- Relapsed indolent B-cell non-Hodgkin Lymphoma (NHL) patients who did not respond to or progressed during or shortly following treatment with a rituximab regimen.
- Symptomatic chronic lymphocytic leukemia (CLL) patients who have received no prior treatment.
THIS MEDICATION IS TO BE ADMINISTERED BY A CHEMO-TRAINED NURSE. IF THE NURSE IS NOT CHEMO-TRAINED, THEY ARE TO CONTACT THE UNIT NURSE EDUCATOR OR ADVANCED PRACTICE NURSE.
- Available as a Lyophilized powder, 25 mg/vial and 100 mg/vial. Store at 2-25C. Protect from light. Keep in original packaging.
- Reconstitute 25 mg vial with 5 mL sterile water for injection and 100 mg vial with 20 mL sterile water for injection to a final concentration of 5 mg/mL
- Shake well to yield a clear, colourless to a pale yellow solution.
- Lyophilized powder should dissolve within 5 minutes.
- Do not use if particulate matter is observed.
- Further dilute to a final concentration of 0.2-0.6 mg/ml in 0.9%NaCl
- Reconstituted solution must be transferred to the infusion bag within 30 minutes of reconstitution
- After transferring, thoroughly mix the contents of the infusion bag.
- The admixture should be a clear and colorless to slightly yellow solution.
- The prepared IV bag must be infused within 3 hours if stored at room temperature, or 24h if stored in fridge.
-Solution Compatible: 0.9% NaCl
-Additives/Above Cassette Compatible: Do not mix with other drugs or IV solutions
-Y-site Compatible: Do not run with other drugs
(For approved routes of administration by nursing personnel, refer to Policy for the Administration of Intravenous Medications.)
|IV Intermittent Infusion||YES - over 60 minutes for NHL|
|IV Continuous Infusion||NO|
(For neonatal dosages, refer to Neonatal IV Drug Manual.)
- 60 – 120 mg/m2 IV on Day 1 and Day 2 of a 21-day cycle, up to 8 cycles
- Various dose regimen and dose modifications available, refer to protocol.
- Emetogenic Potential: Moderate
- Extravasation Potential: Irritant
- Common (greater than 20%): nausea, vomiting, fatigue, myelosuppression, diarrhea, fever, chills, constipation, anorexia, weight loss, headache and mucositis.
- Occasional (less than or equal to 20%): arrhythmia, hypertension (may be severe), abdominal pain, dizziness, insomnia, mood changes, dyspepsia, fluid retention, infusion reaction, electrolyte abnormalities (hypoK, hypoMg), cough, dyspnea, rash & pruritus (may be severe).

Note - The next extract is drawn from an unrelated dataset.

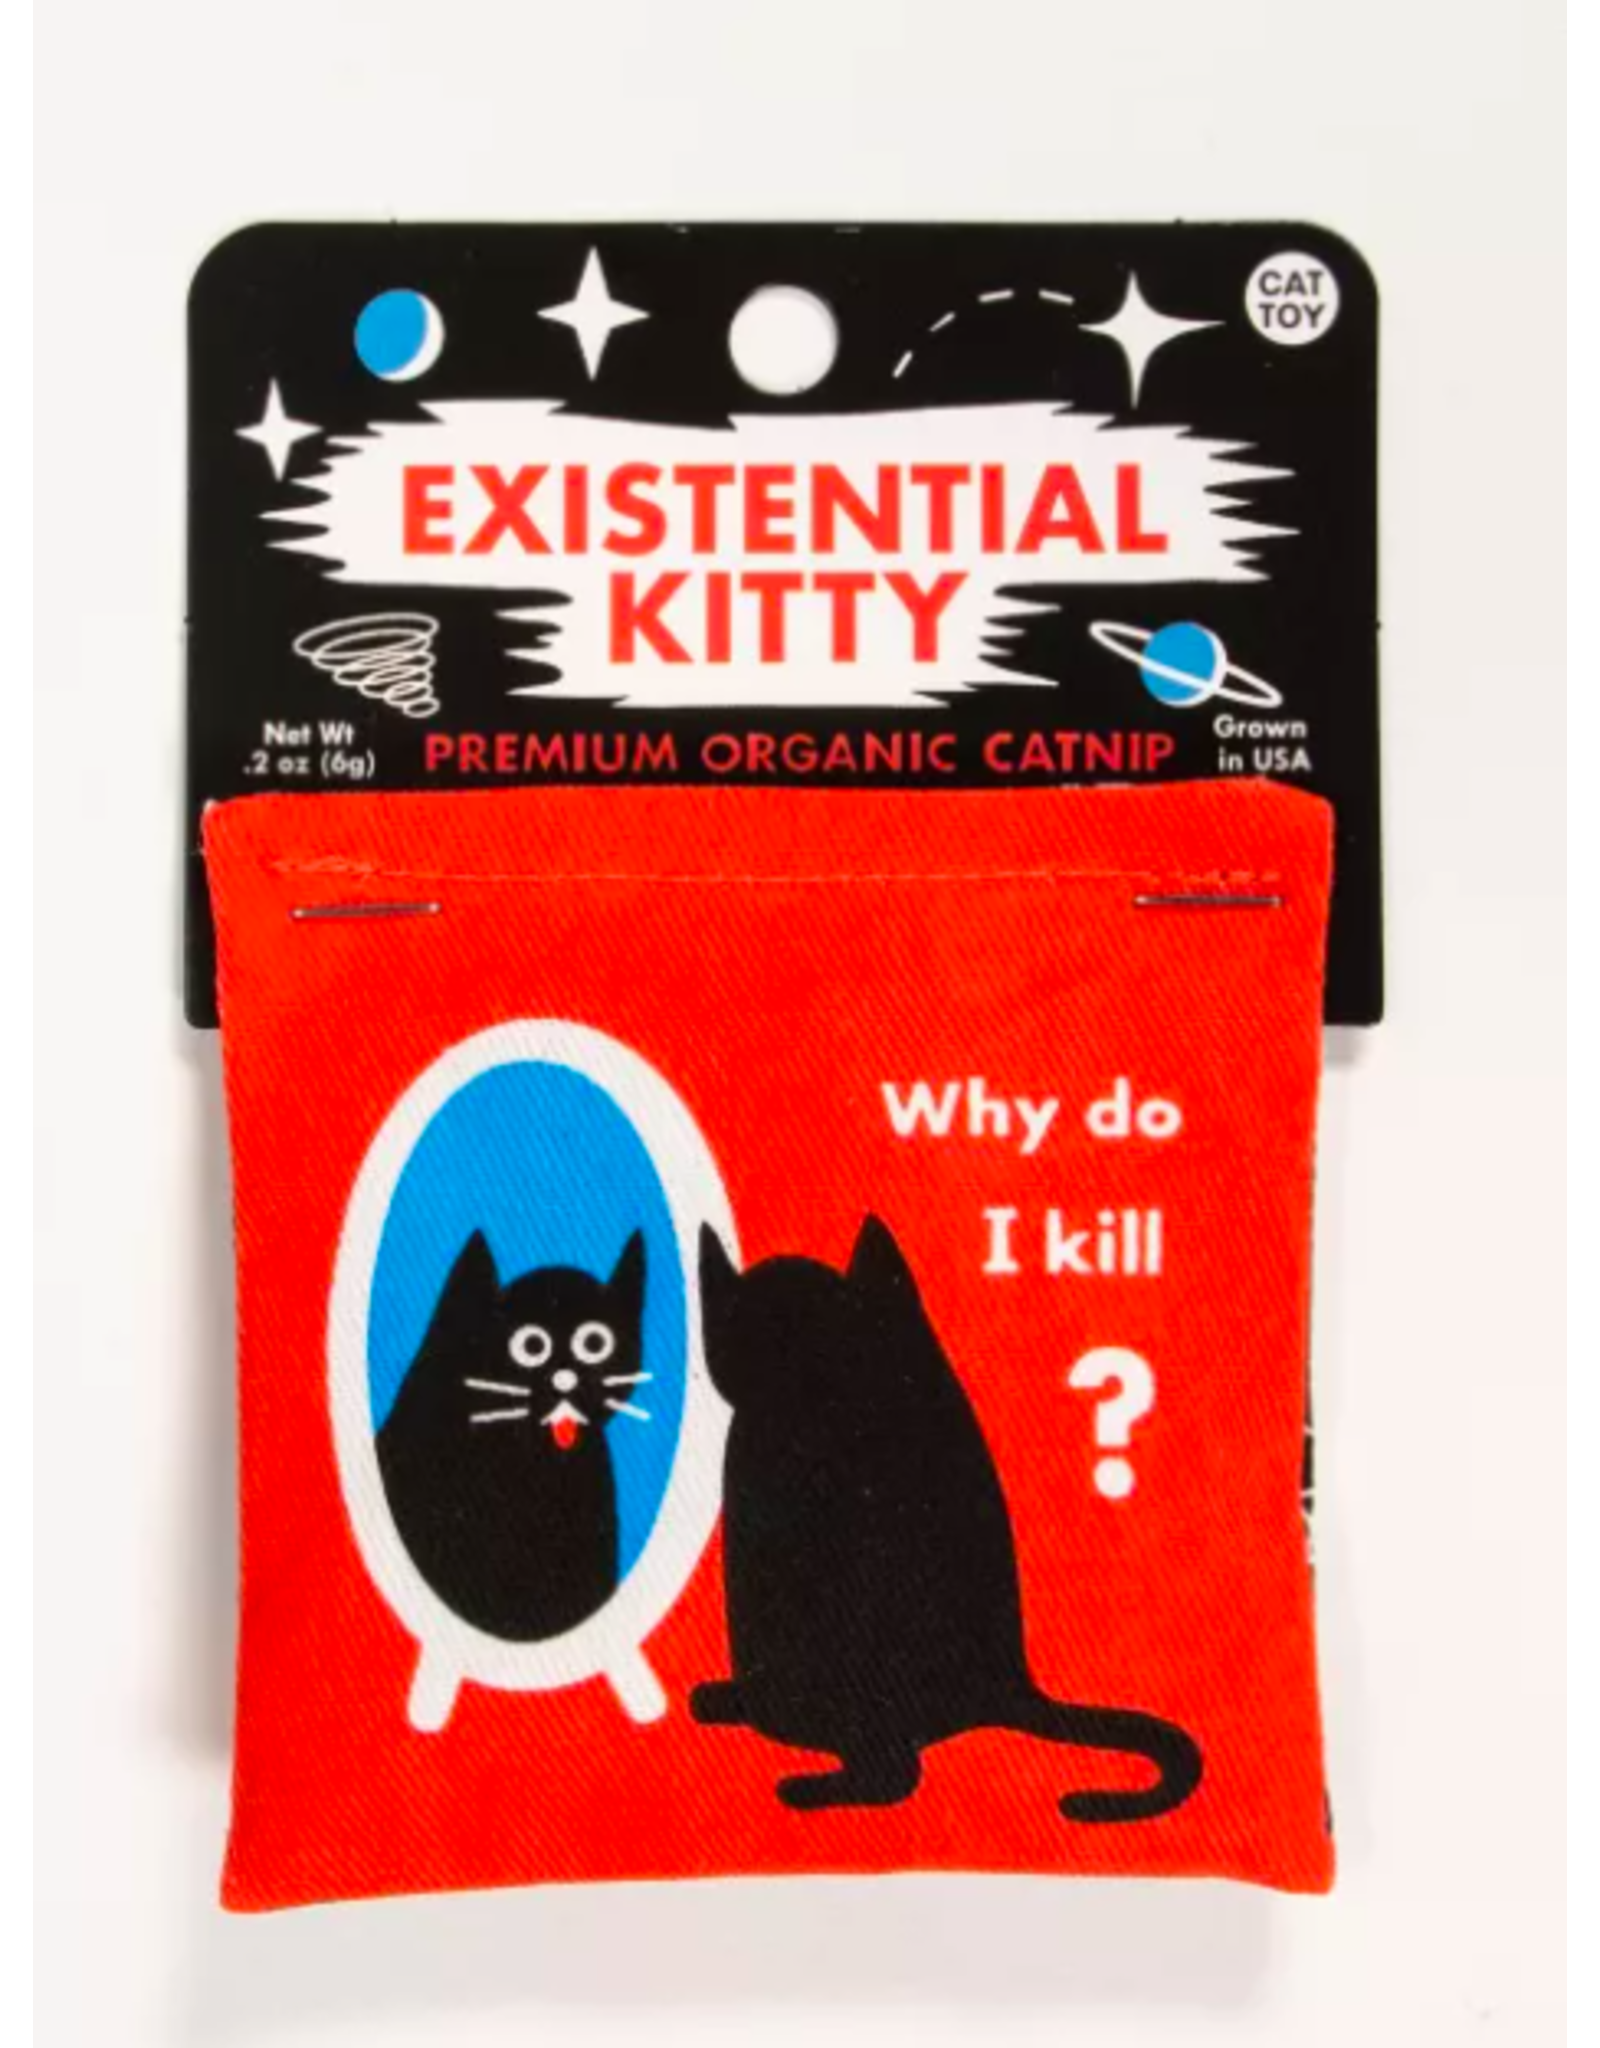 BGS Blue Q - Catnip Toy / Existential Kitty

- Rare, but serious (less than 3%): anaphylaxis and anaphylactoid reactions, cardiotoxicity, QT interval prolongation, sudden death, increase LFTs (grade 3-4), tumor lysis syndrome, secondary malignancy, renal failure, toxic skin reactions [Stevens - Johnson syndrome (SJS), toxic epidermal necrolysis (TEN), and drug reaction with eosinophilia and systemic symptoms (DRESS)], bullous exanthema.
- Bendamustine metabolite may possibly inhibit and/or induce CYP 1A2 leading to potential for drug interactions. Limited patient data available. Please consult oncology pharmacy for concerns with drug interactions.

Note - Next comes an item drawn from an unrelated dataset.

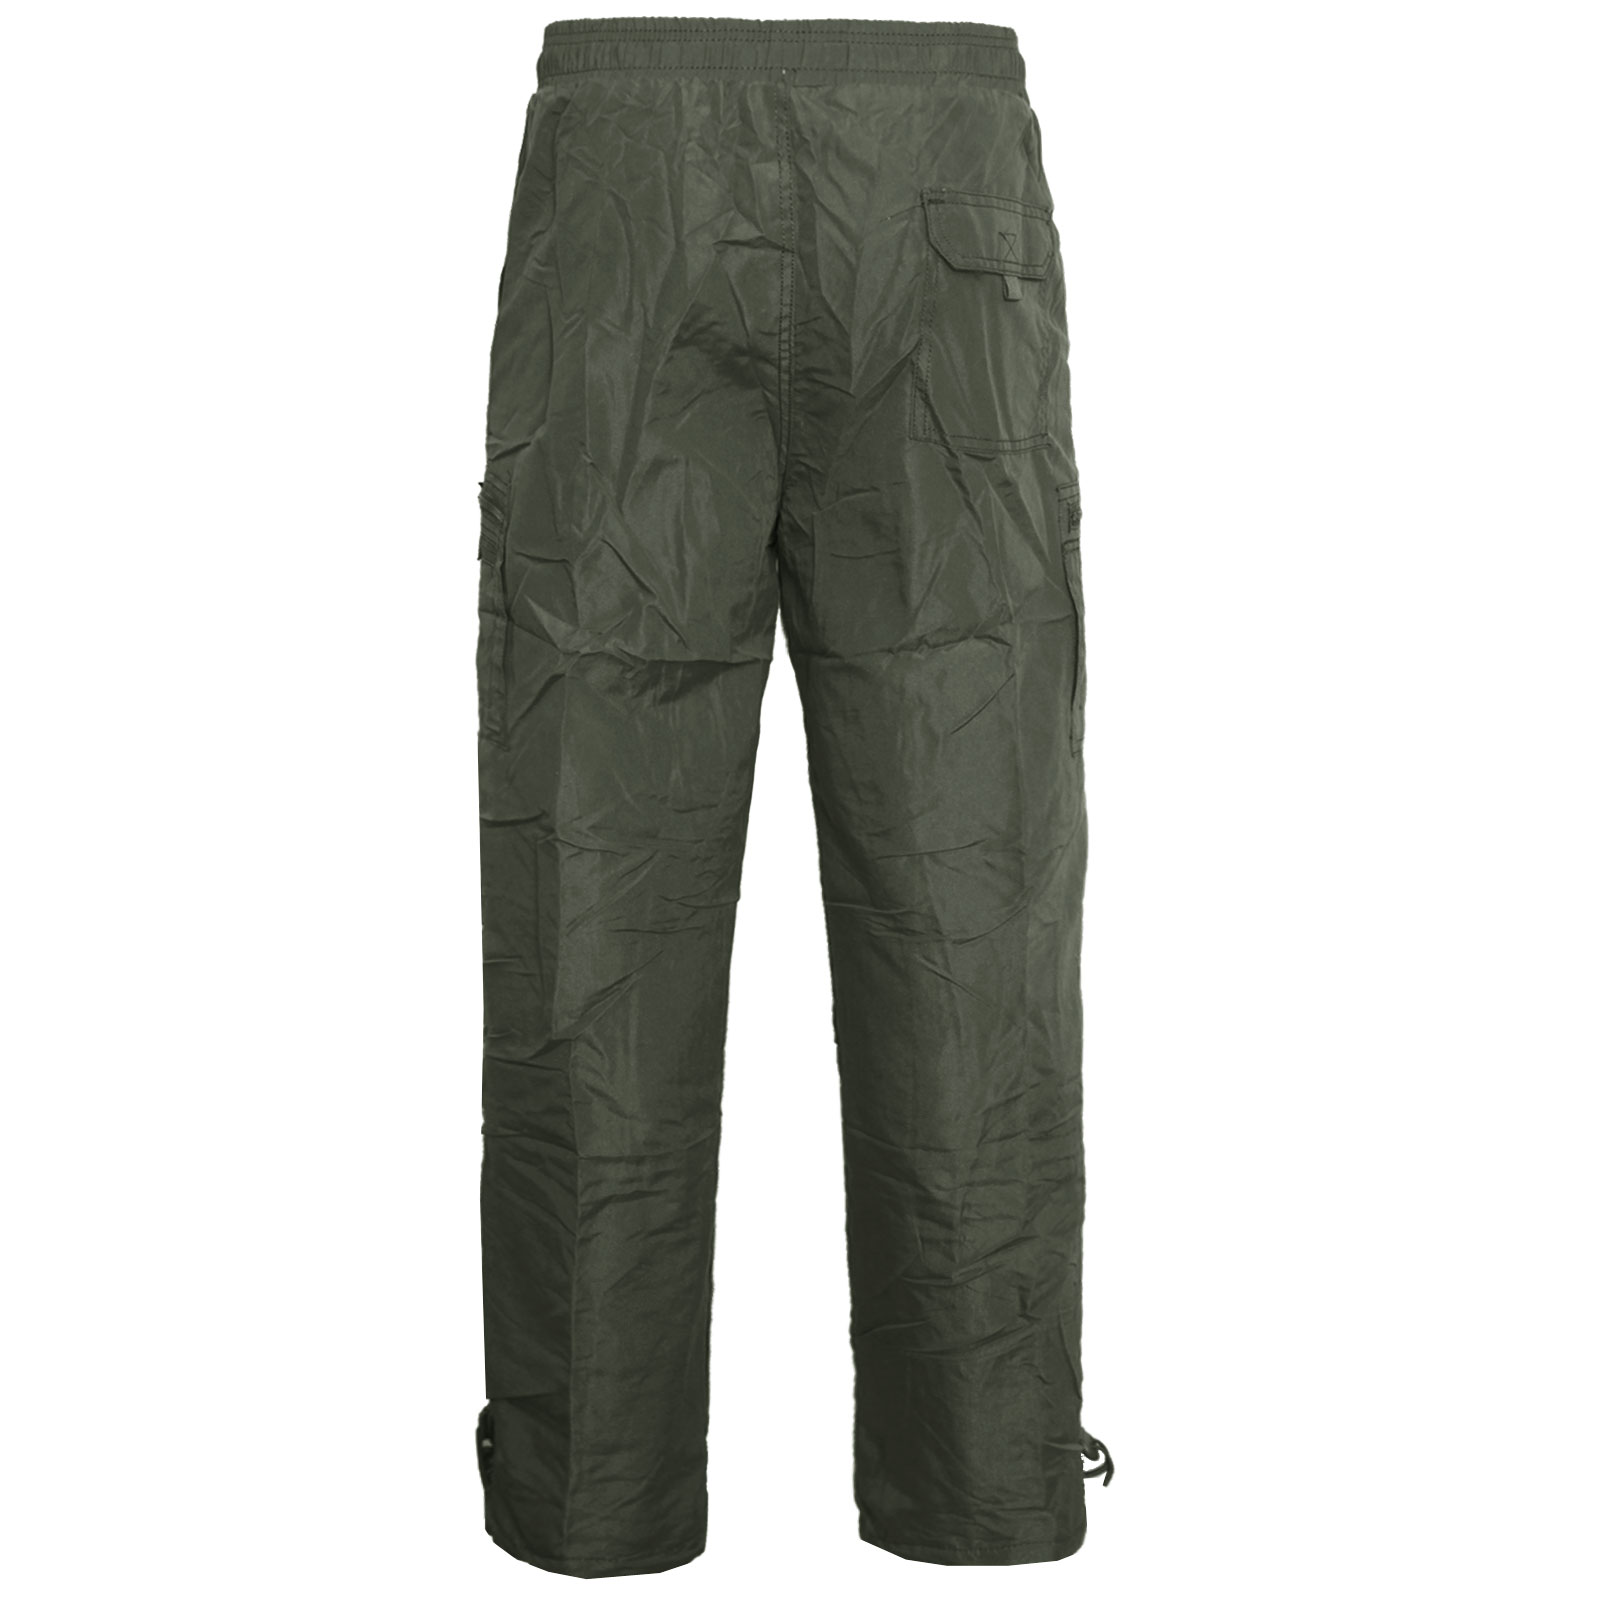 Details about   Mens Fleece Lined Thermal Cargo Pants Elasticated Combat Bottoms Work Trousers

- Premedication is generally not required unless patient has previously experienced an infusion-related reaction to bendamustine
- Subsequent infusions should be discontinued or given with premedication depending on the severity of the reaction
- Use with caution in patients with renal impairment (CrCL 40-80 ml/min). Do not use if CrCl is under 40 ml/min.
- Electrolytes abnormalities and hypertension should be corrected before start of treatment.

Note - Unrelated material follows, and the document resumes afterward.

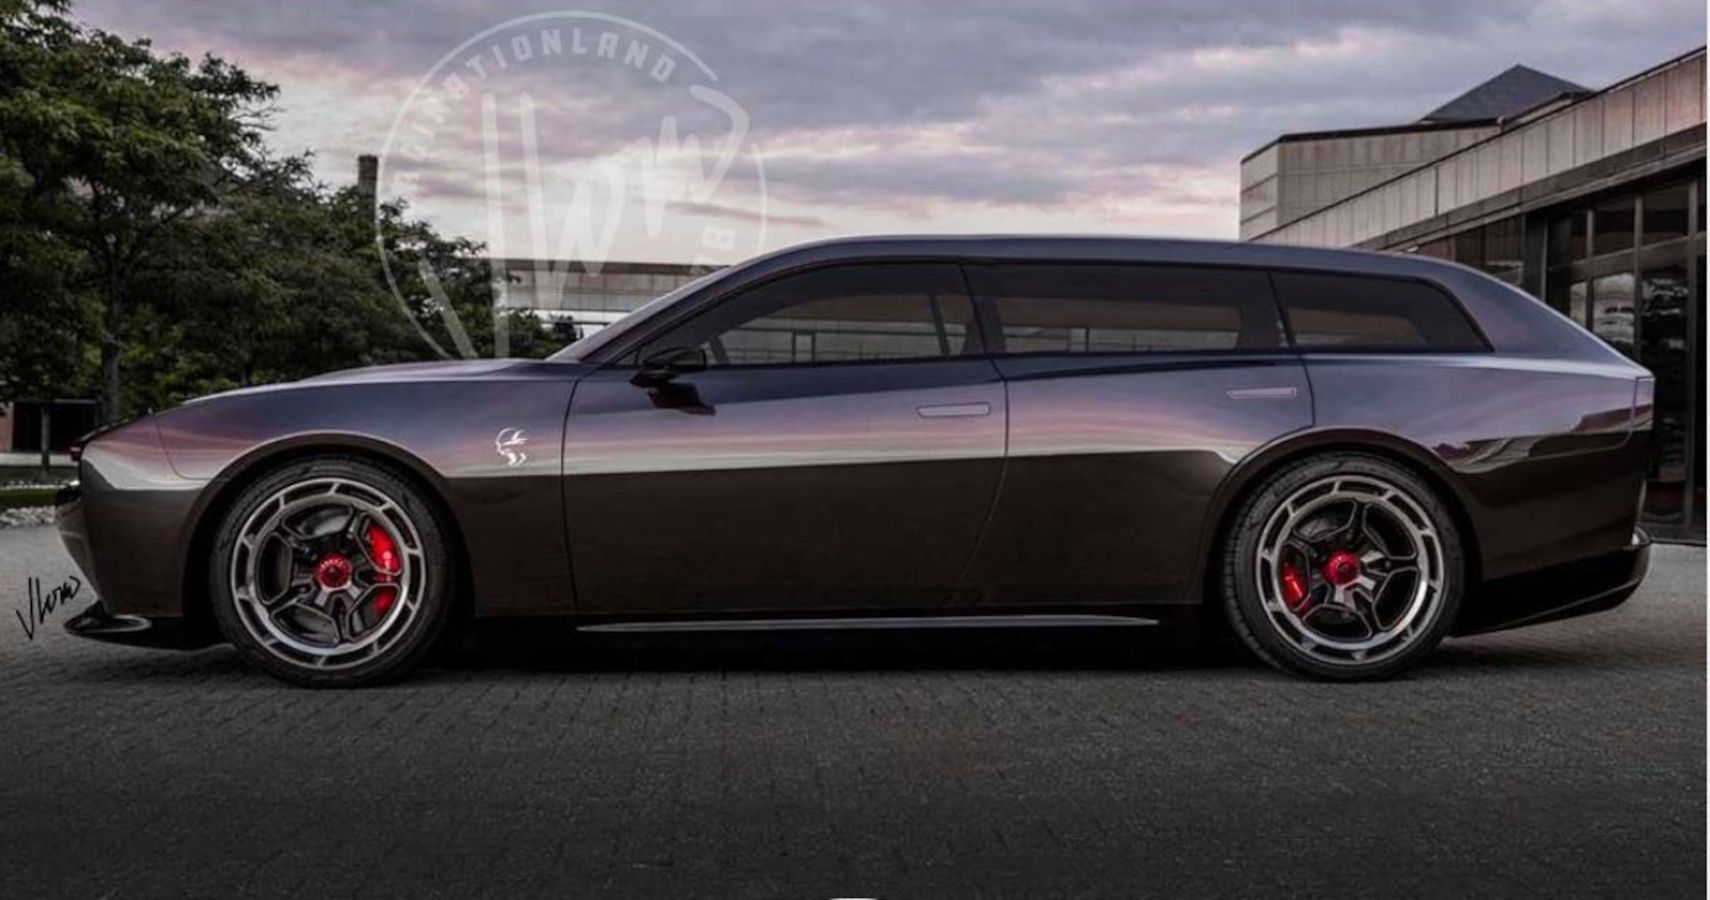 This Dodge Charger Daytona STR Station Wagon Could Be The Ultimate

- Concomitant use with allopurinol may increase risk of severe toxic skin reactions.
- Skin reactions may be progressive and increase in severity during treatment. Patients with skin reactions should be monitored closely.
- Drug Monograph: Treanda® (bendamustine). Lundbeck Canada Inc, February 2017.
- Cancer Care Ontario Monograph. Bendamustine. April 2017.